Performance is good here since mach_msg() is fast and happens asynchronously. For a contended wait, a process needs to do 2-3 system calls (only 2 most of the time), with the waiting and signaling being directly managed by the Mach semaphore subsystem (which is around 25% faster than swapping these out with message receive for waits and message sends for signaling).

Mach semaphores have a higher creation overhead, though, which is why these are pooled client-side. Also, on the server side, several optimizations have been done to ensure that the Mach message pump runs as efficiently as possible.

Of course, a kernel extension would provide even better performance here, but these are no longer recommended by Apple, and several hurdles have been put in place to load them starting with macOS 11.0.

When a process initiates a wait with msync, it gets a semaphore from the semaphore pool, registers the objects now associated with this semaphore to wineserver, and starts waiting. If needed, it also unregisters it after waking again (non-successful wait or more than one wait object).

A signal operation is a Mach message for wineserver, which will look up the object and signal and destroy each of the registered semaphores associated with that object.

Races should effectively be not possible (at least I am trying to assure myself of that), since the registration and signaling happen on the same Mach port, and the message queue is supposed to be sequentially consistent across all processes. Additionally, before registration (and most likely after the client started its wait), the server rechecks the waiting condition, similar to futexes. Even if the client is preempted for a long time there and hasn't started its wait, the semaphore will be in a signaled state whenever it does.

Additionally, if available __ulock_wait2 is used to relieve some load from the servers message handling, allowing single wait cases to have better-than-NT performance.

Bugs

Please report any discovered bugs.

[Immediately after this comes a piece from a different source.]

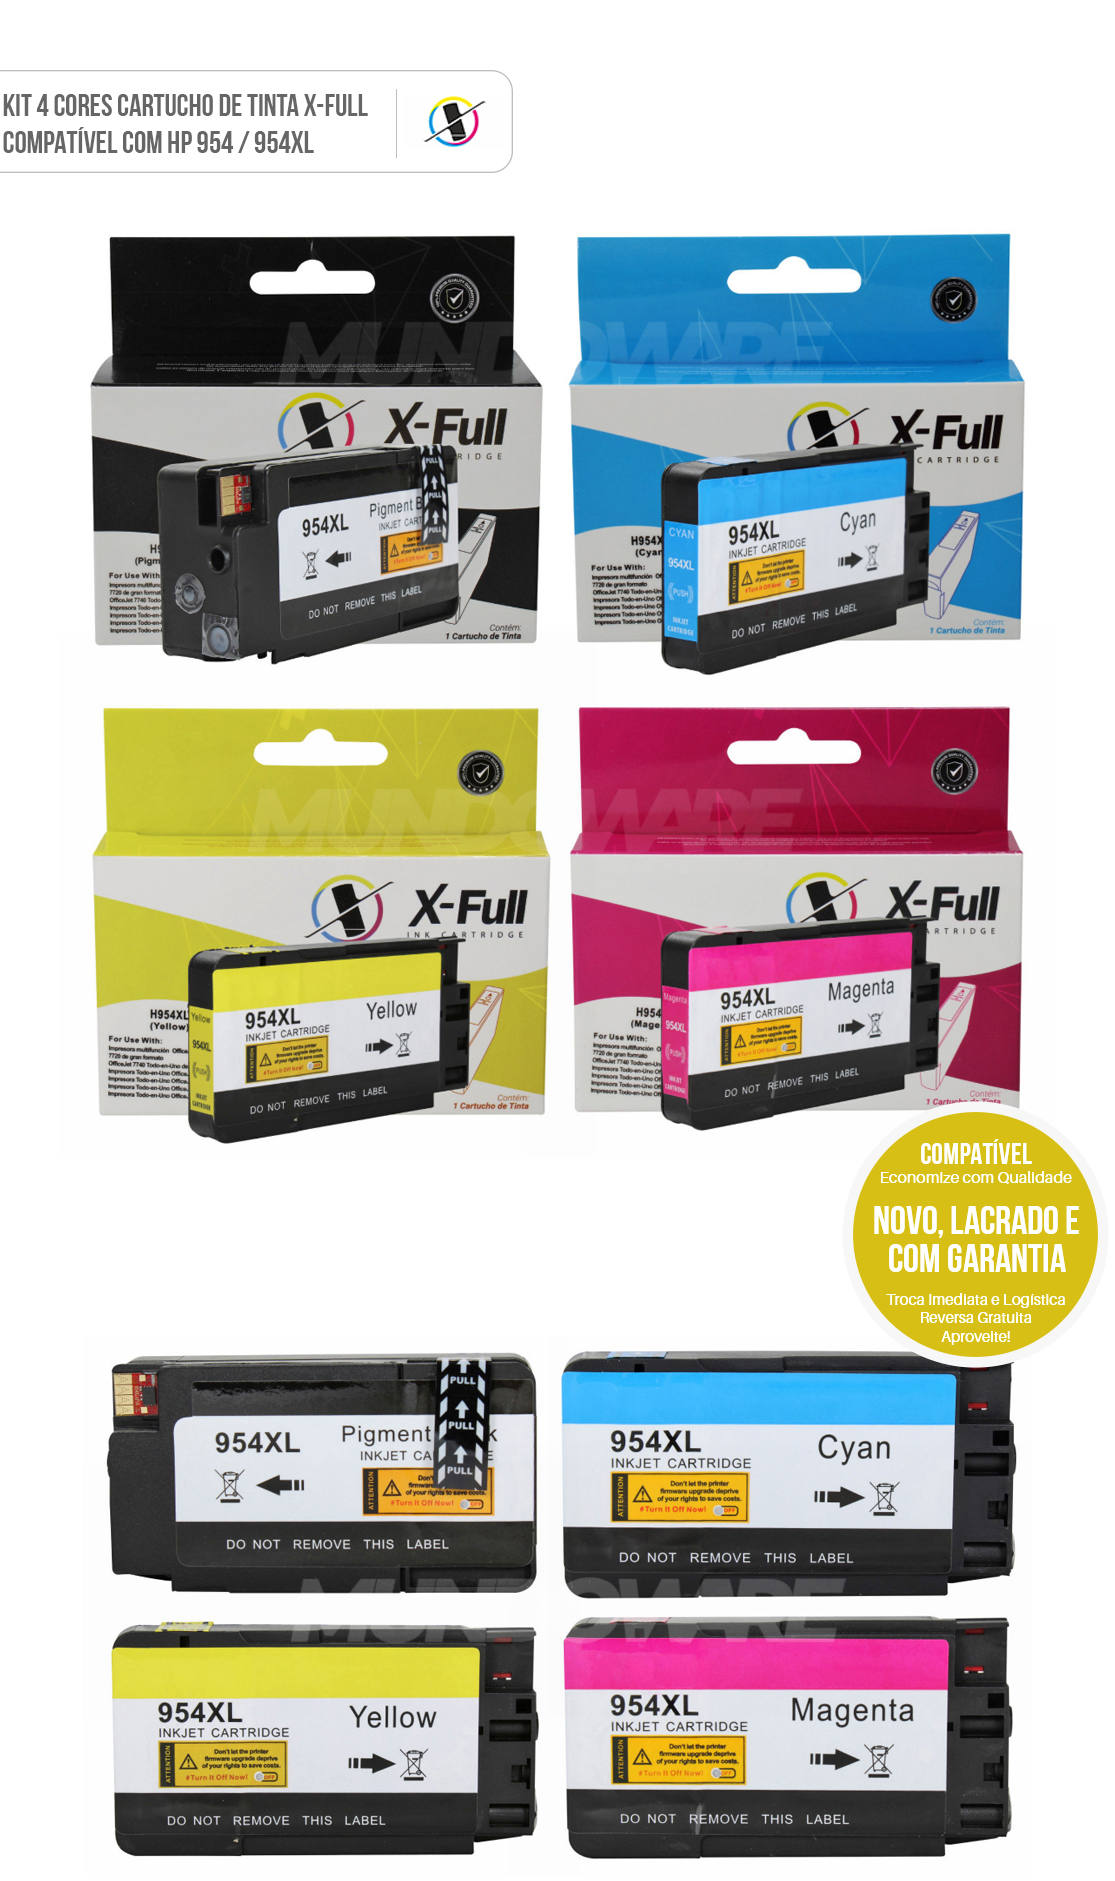 Kit 4 Cores Cartucho de Tinta X-Full Compatível com HP 954xl 954 para Impressora Pro 7720 7740 8210 8710 8720 8730

A primary aim for msync was to enhance performance over simulated eventfd objects on macOS. If esync has better performance in any situation, that's considered a bug.

For incorrect behaviour logs with at least +seh,+pid,+msync,+timestamp are much appreciated.

Benchmarks

System: M2 Max with a CX23 based wine build.

Test Description msync (with ulock) msync esync Server-side sync
Contended wait (10000000 iterations, 2 threads) 3.792806 seconds 5.891094 seconds 7.423686 seconds > 170 seconds
zigzag test (2 seconds timeout, 2 threads) 401605 iterations 270545 iterations 222675 iterations 60309 iterations
FFXIV indoors, CPU bound 219 FPS 170 FPS 145 FPS 93 FPS

Acknowledgements

msync was inspired by esync/fsync and the awesome work done by Zebediah Figura on that matter.

Contribute

Contributions to msync are welcome, be it in the form of optimizations, bug fixes, or wine rebases.

License & Integration

msync is released under the LGPL v2.1 license, and integration into other open-source projects is very welcome. If you decide to use or integrate msync into your projects, although not mandatory, a mention or acknowledgment would be appreciated.